We hypothesise that these changes could disturb the normal exercise induced rise in IL‐6 in COPD via an earlier and exacerbated induction of IL‐6 at a lower exercise load. IL‐6 would thus be a marker for impairment of exercise metabolism. Imbalances between oxidants and antioxidants could increase the release of IL‐6 independently of muscle intrinsic changes. Because IL‐6 is a strong inducer of acute phase proteins,30
the exacerbated increase in IL‐6 production of muscle could induce CRP, as illustrated by the strong correlation between CRP and IL‐6 in this study. Such an increase in CRP after exercise has been shown to occur in healthy subjects.23
Other studies have also shown an inverse relation between CRP and exercise capacity in healthy elderly subjects31
as well as in those with COPD.28
The increased demand for specific amino acid to generate CRP may increase muscle protein breakdown, increasing REE32
and inducing a vicious cycle of intrinsic muscle changes leading to decreased exercise capacity leading to more muscle impairment. CRP may thus be a marker of a repetitive supraphysiological increase in IL‐6 production of muscle in a subgroup of COPD patients. Previous research has also shown an association between systemic inflammation as measured by markers of the TNF system and weight loss.33
In this study we showed an association between CRP and BMI (when adjusted for post‐bronchodilation FEV1
, age, and sex) that could be attributed to FMI, but not to FFMI. The association between CRP and extent of obesity has previously been found in studies with non‐diabetic subjects.34
It has been proposed that inflammatory cytokines could be secreted by adipocytes and by inflammatory cells present in adipose tissue.35
Further research is needed to elucidate the effect of different cytokines on body composition and vice versa.

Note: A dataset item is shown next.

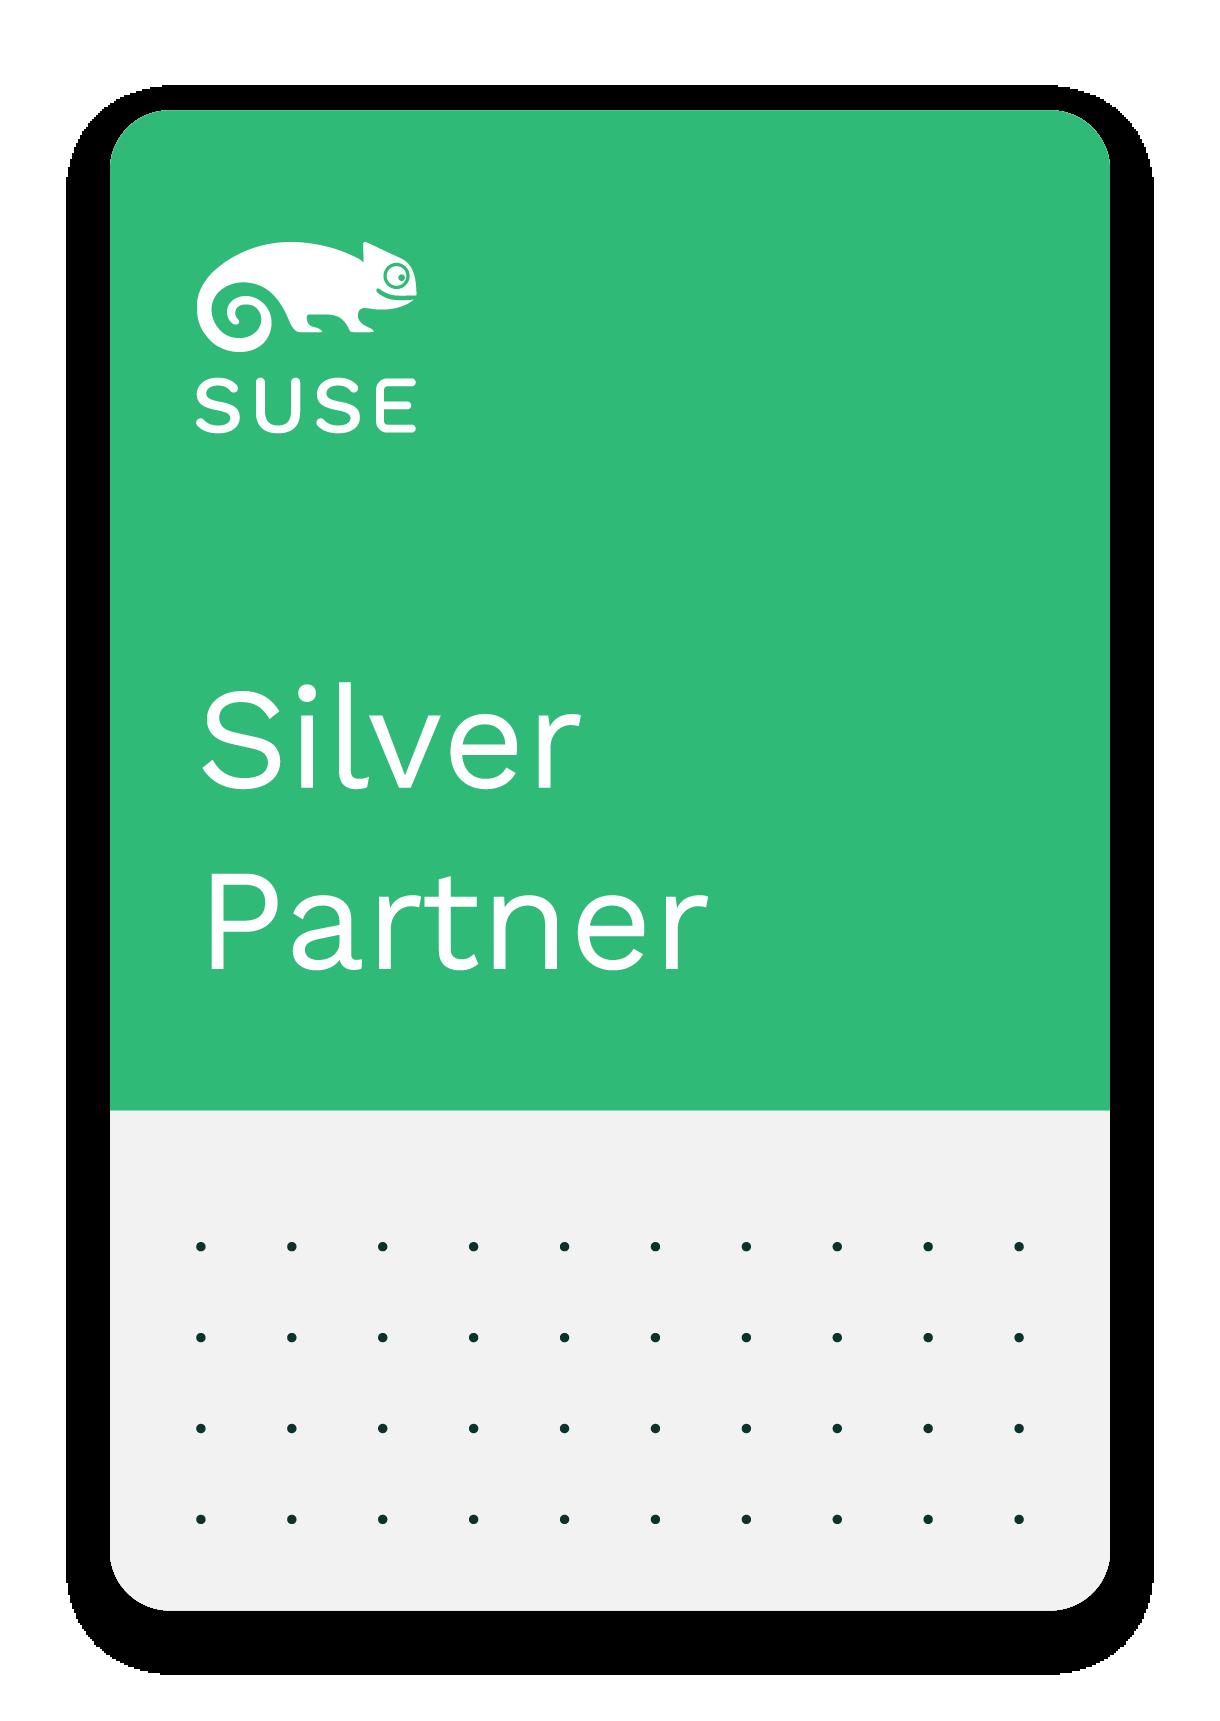 SUSE_color_silverPartner

The cut off point used in this study is not the standard cut off point of 5 mg/l which is often used in clinical practice. Interestingly, our cut off point, determined as the 95th percentile of our own healthy age and sex matched controls, is very similar to the clinical cut off point. In addition, analysis using 3 or 5 mg/l as the cut off point provided the same results (data not shown).
High sensitivity CRP analysis has already been recommended for clinical application in the detection and prevention of cardiovascular disease.36
Since cardiovascular disease is a major cause of mortality in COPD,37
and CRP is a predictor of acute exacerbations of COPD,38
hospital admissions, and mortality in chronic respiratory failure39
and seems to be a marker for impaired exercise capacity and distress due to respiratory symptoms (as shown in this study), routine high sensitivity CRP analysis could prove to be of major clinical importance in COPD. Future research is needed to assess the value of CRP as a biomarker for measuring disease progress and the effects of treatment of COPD.